### LISTED RECORDS

'''

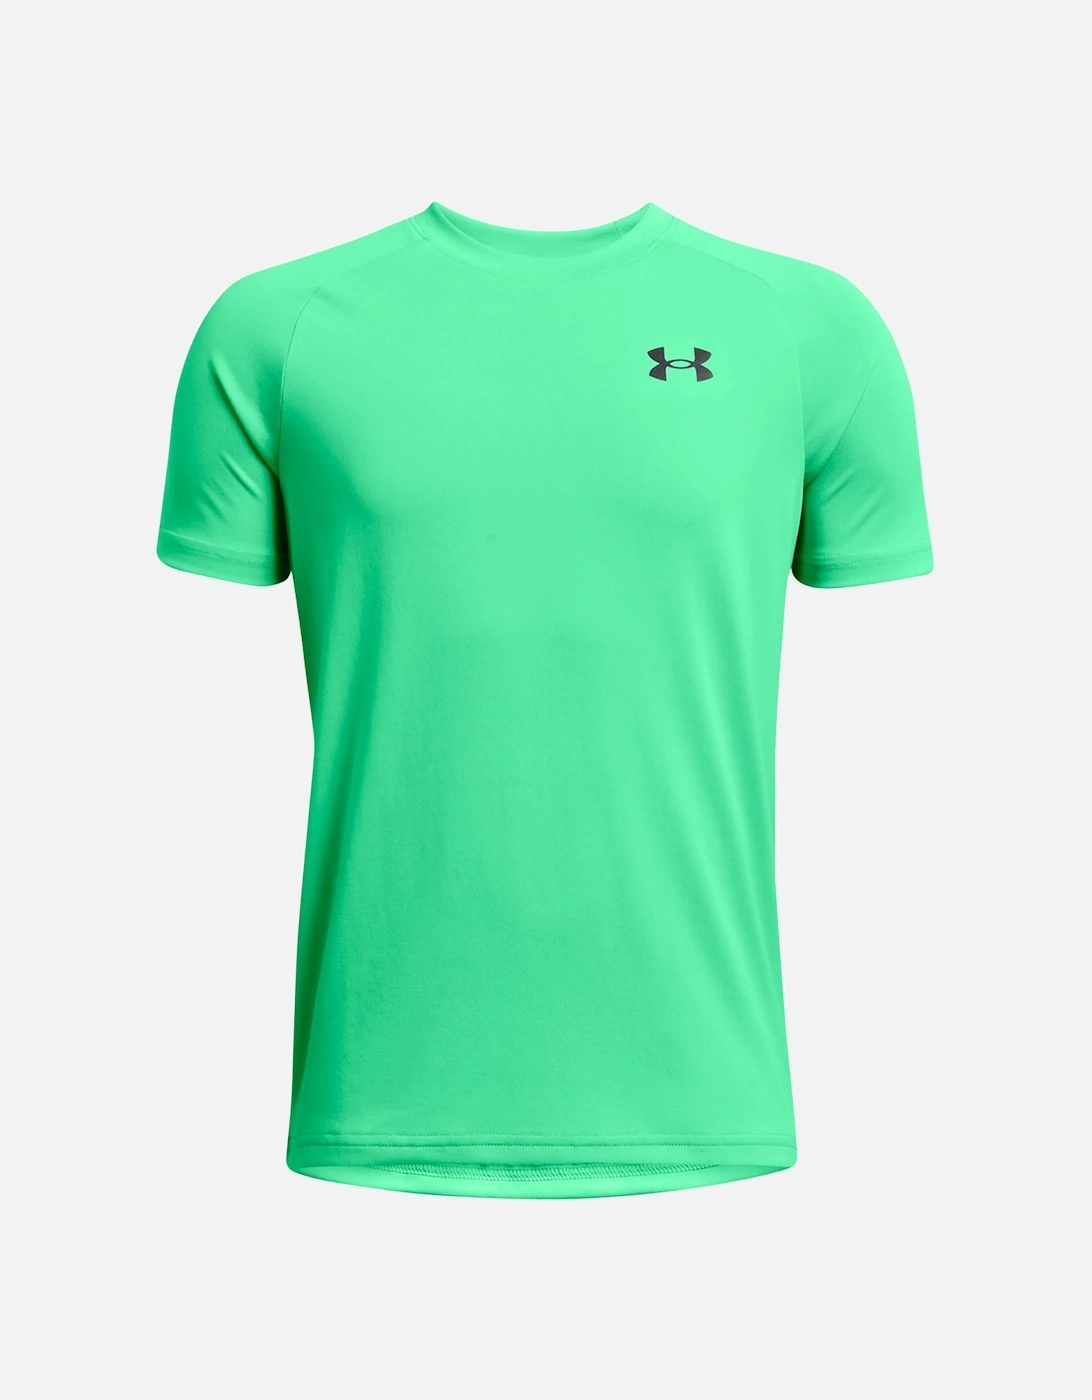 Boys Tech 2.0 T-Shirt (Green), 3 of 2
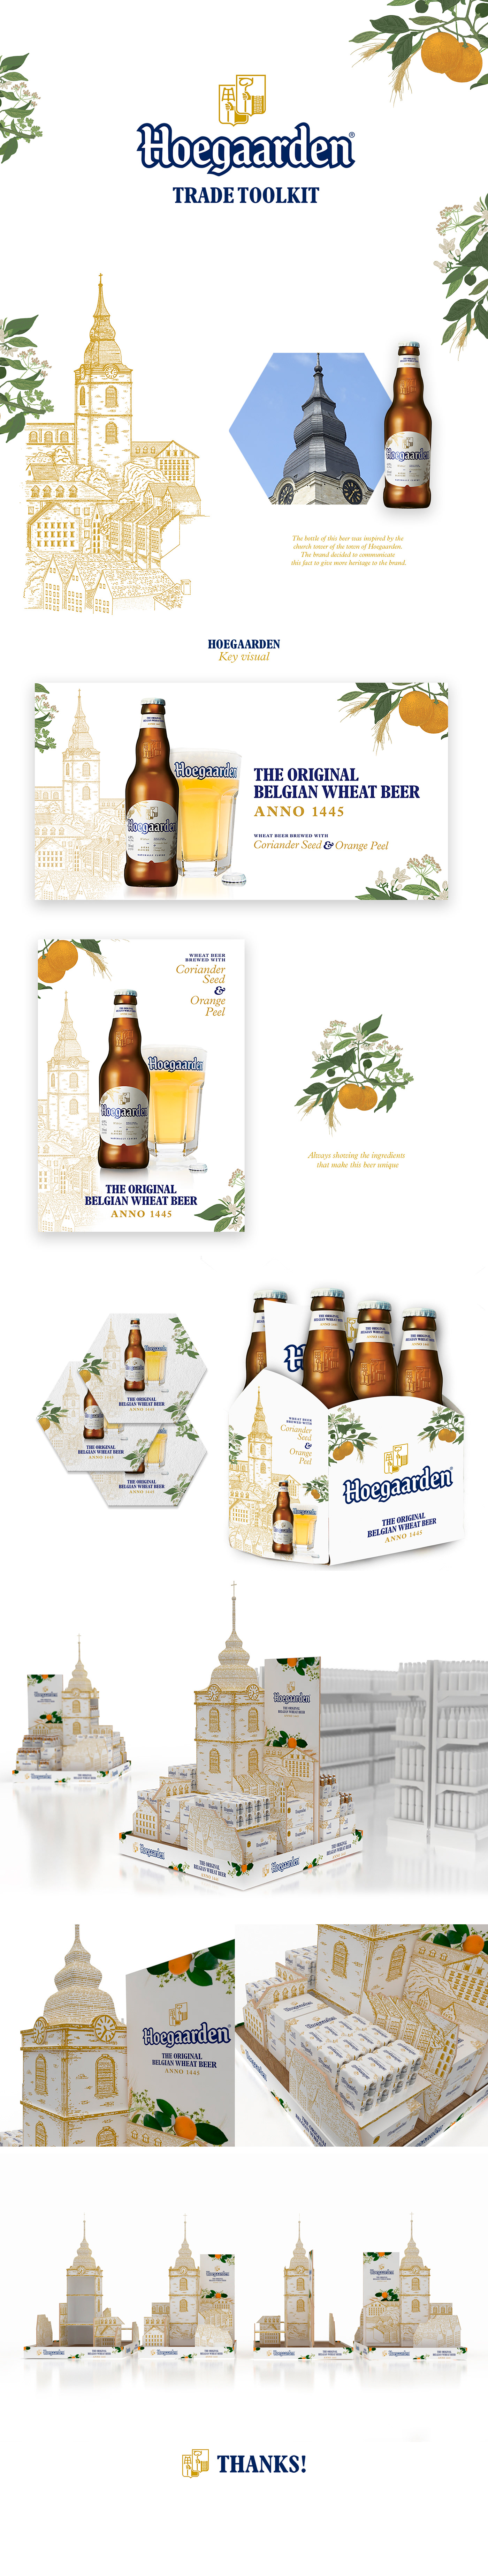 hoegaarden beer toolkit graphic design  ILLUSTRATION  industrial design 
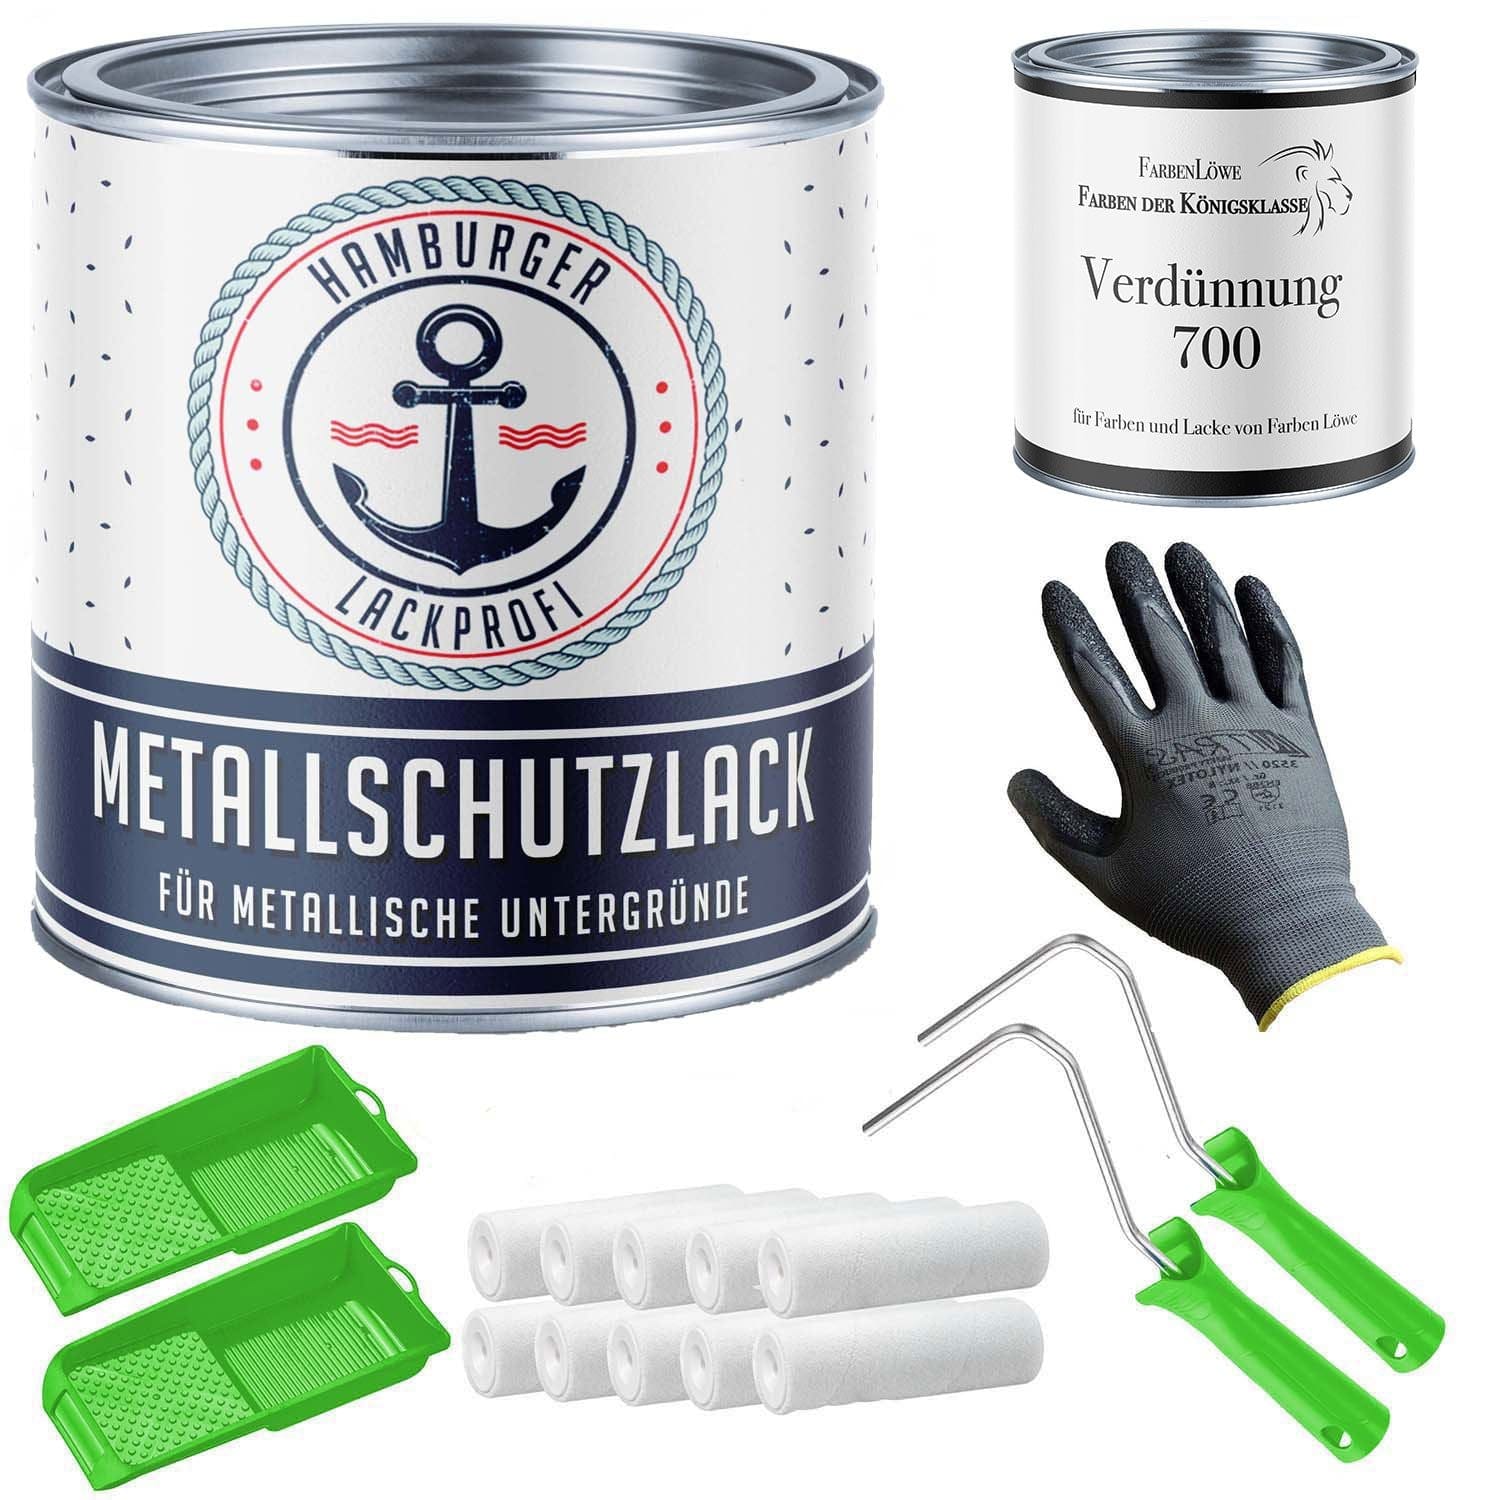 FARBENLÖWE Lacke & Beschichtungen Hamburger Lack-Profi Metallschutzlack in Sonnengelb RAL 1037 mit Lackierset (X300) & Verdünnung (1 L) - 30% Sparangebot
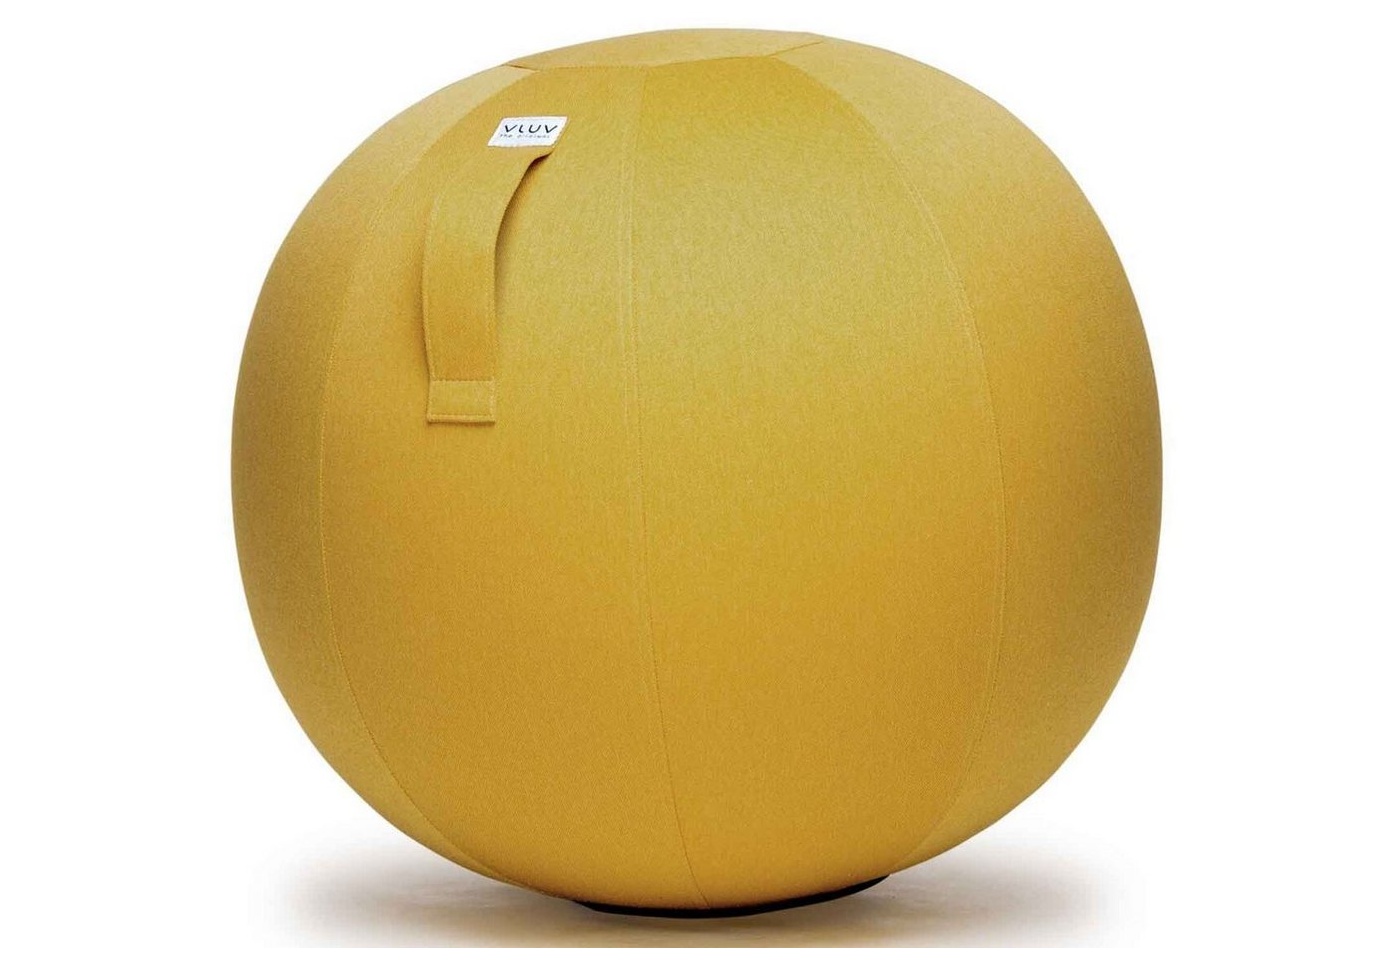 Bild Leiv Stoff-Sitzball Durchmesser 50-55 cm Mustard / Senfgelb gelb
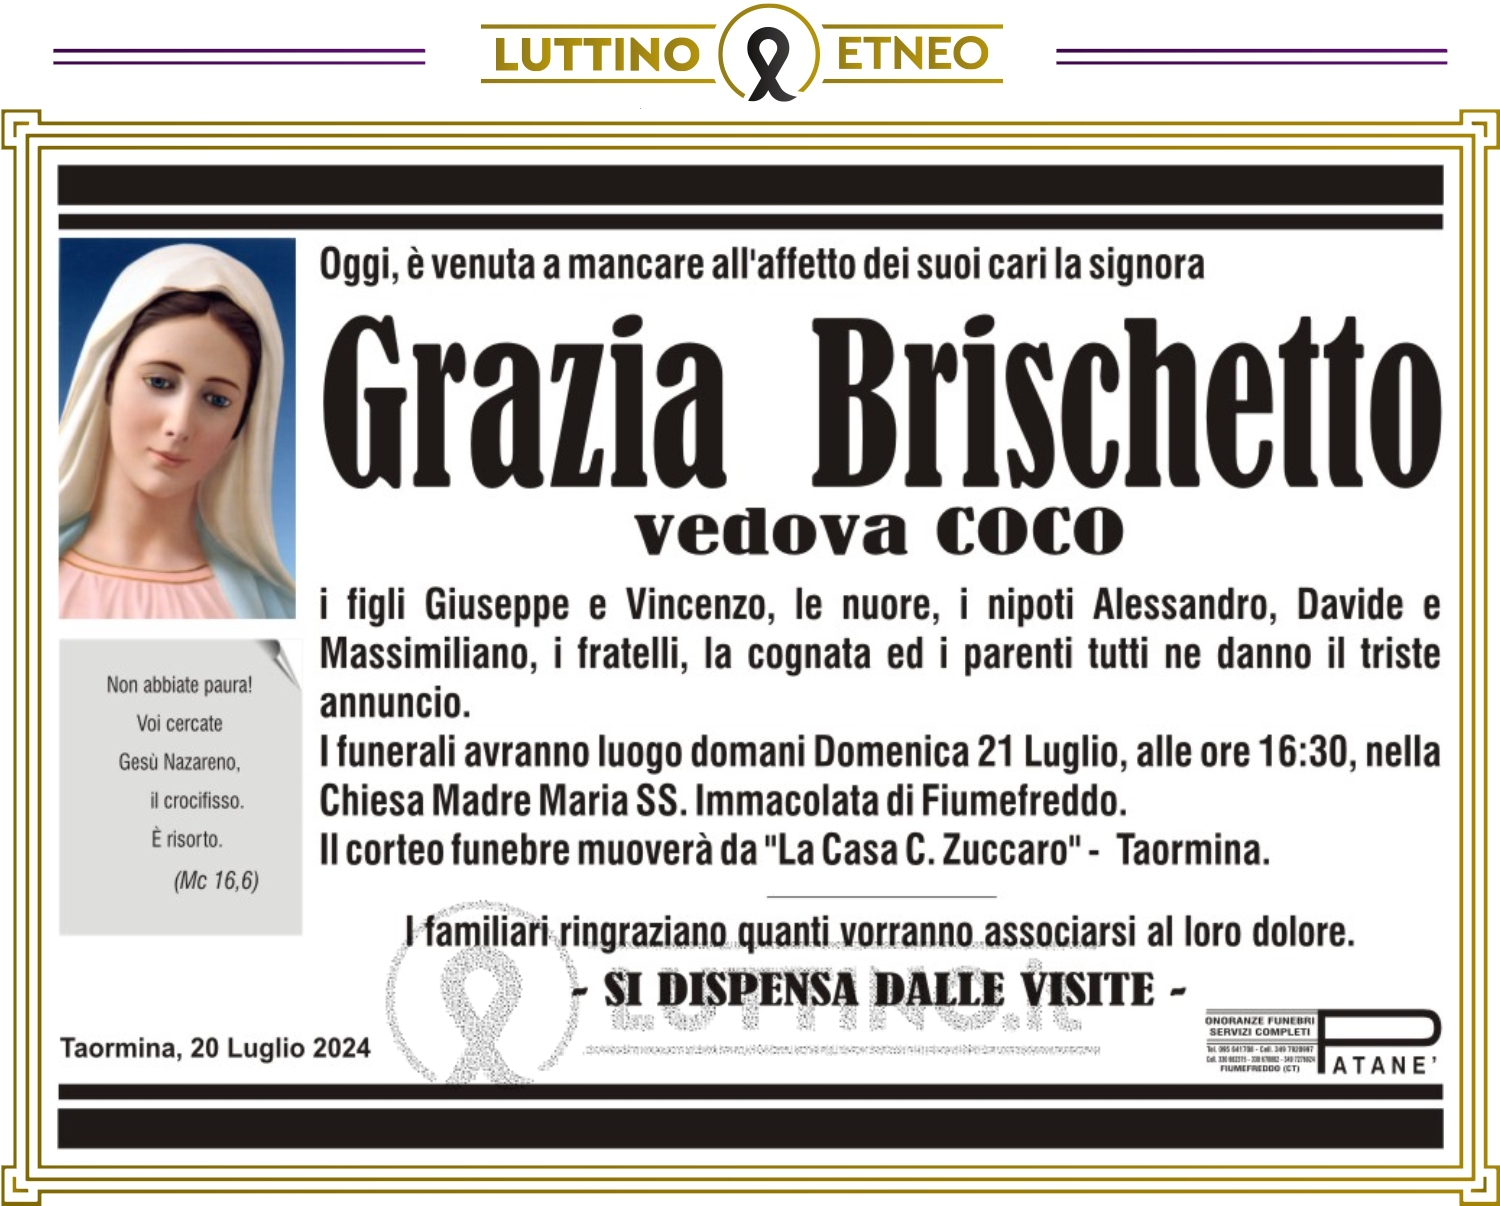 Grazia Brischetto

'''

### DIRECTIONS
Take the line with "Bild Leiv Stoff-Sitzball" as the first line and the last line of the records above as the final one; reproduce exactly the lines between them, both included, without pictures.

### RESULT OF THE EXERCISE
 Bild Leiv Stoff-Sitzball Durchmesser 50-55 cm Mustard / Senfgelb gelb
 Grazia Brischetto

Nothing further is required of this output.